- Location of Herat Province in Afghanistan
- Location: Herat, Afghanistan
- Date: 13 September 2013 5.30 am
- Target: U.S. consulate
- Attack type: Truck bombing, mass shooting
- Weapons: Truck bomb, assault rifles, RPGs
- Deaths: 8 attackers, 8 guards, and 1 Afghan policeman
- Injured: 20
- Perpetrators: Taliban

= 2013 Herat US consulate attack =

Taliban attack in Afghanistan

The U.S. consulate in Herat, Afghanistan was attacked on September 13, 2013, by a group of Taliban militants.
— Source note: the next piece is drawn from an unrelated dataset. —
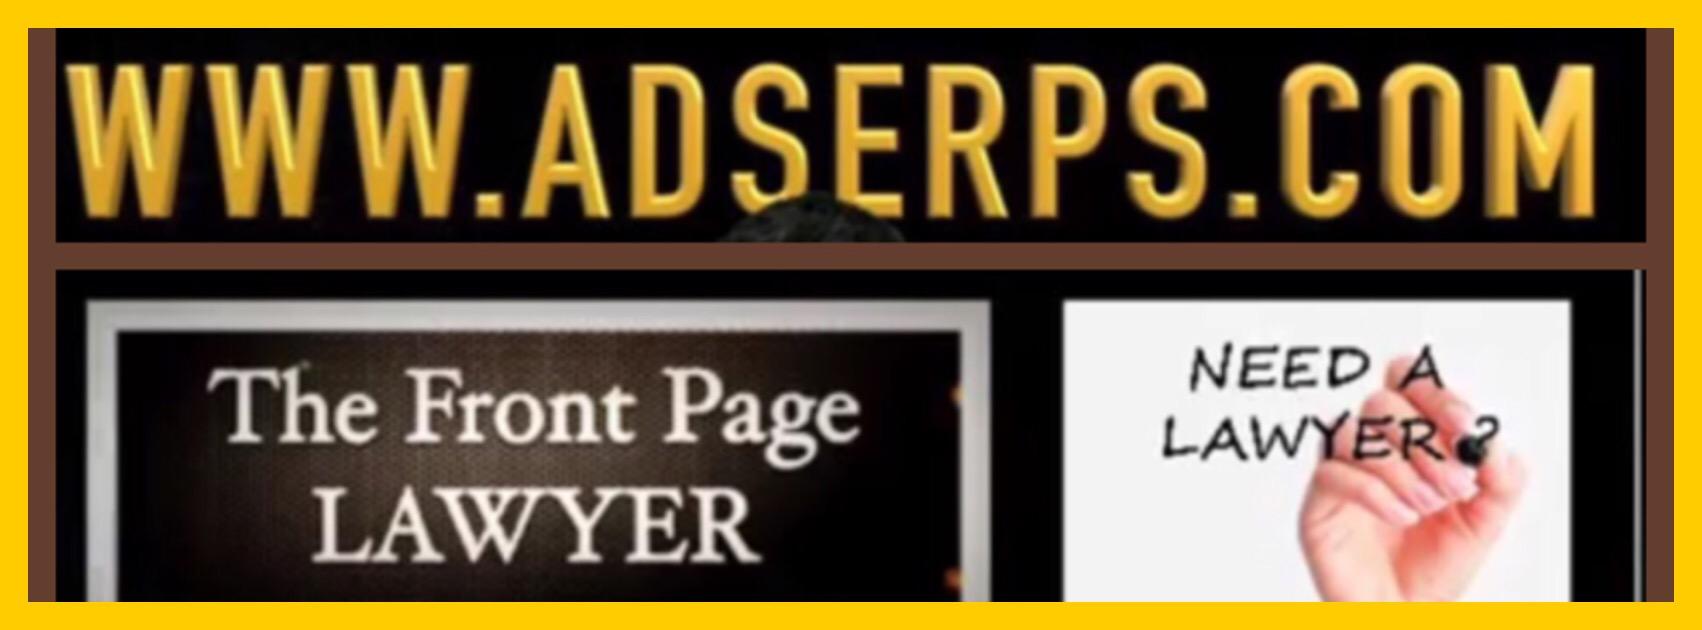 http://www.bestlawyerslocal.com best marketing internet adverrising for law attorneys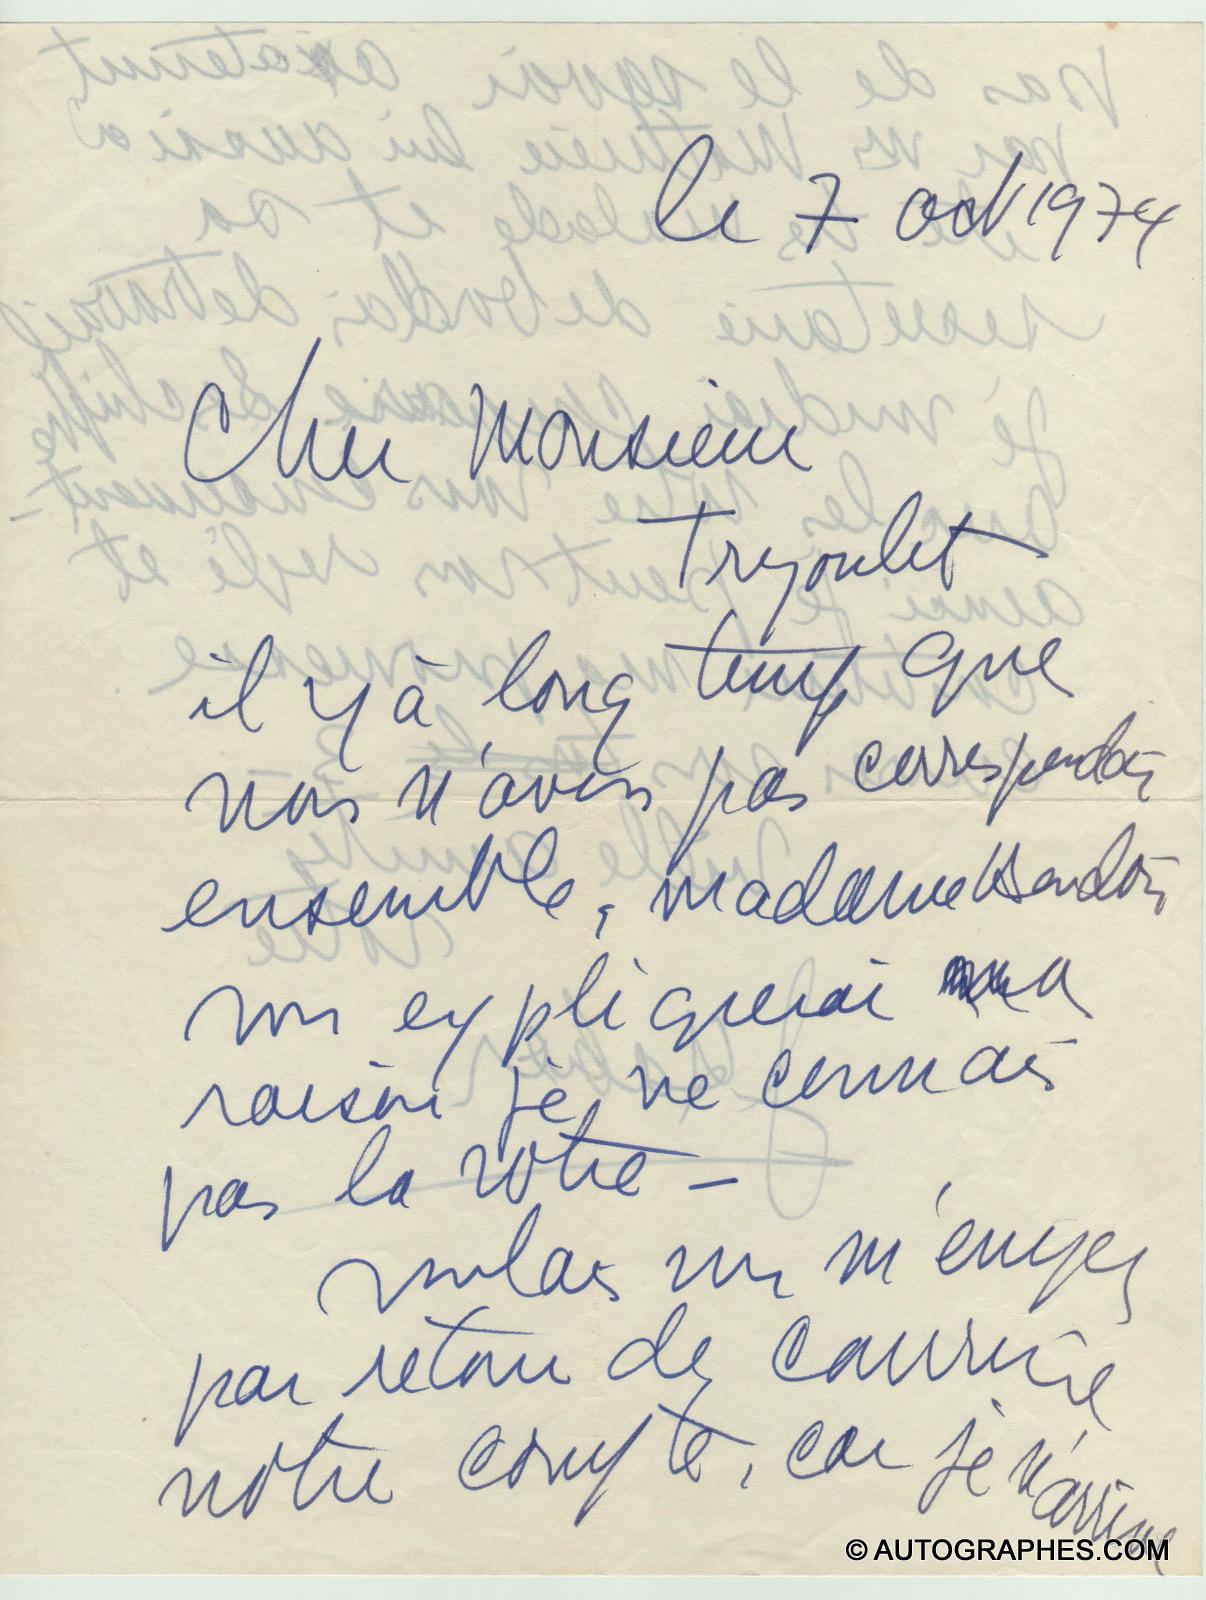 lettre-autographe-signee-josephine-baker-1974-1

Reports indicated that the assault began at 5:30 am on the front gate of the consulate. A large truck drove up to the consulate's primary vehicle entry point and detonated a massive improvised explosive charge, causing extensive damage. A minivan carrying an assault team armed with assault rifles and rocket-propelled grenades arrived and opened fire, moving into the consulate compound. Then, the driver of the minivan ignited a bomb inside the minivan, which exploded a short time afterwards. Eight Afghan members of the consulate's guard force and one Afghan police officer were killed. An unknown number of bystanders were wounded. A gun battle ensued, and all seven attackers were killed. No Americans were killed or seriously injured. The U.S. Department of State awarded Heroism Awards to several of the consulate's defenders.

The Taliban took credit for the attack in an emailed statement.

In a press release, the United Nations condemned the attack "in the strongest terms."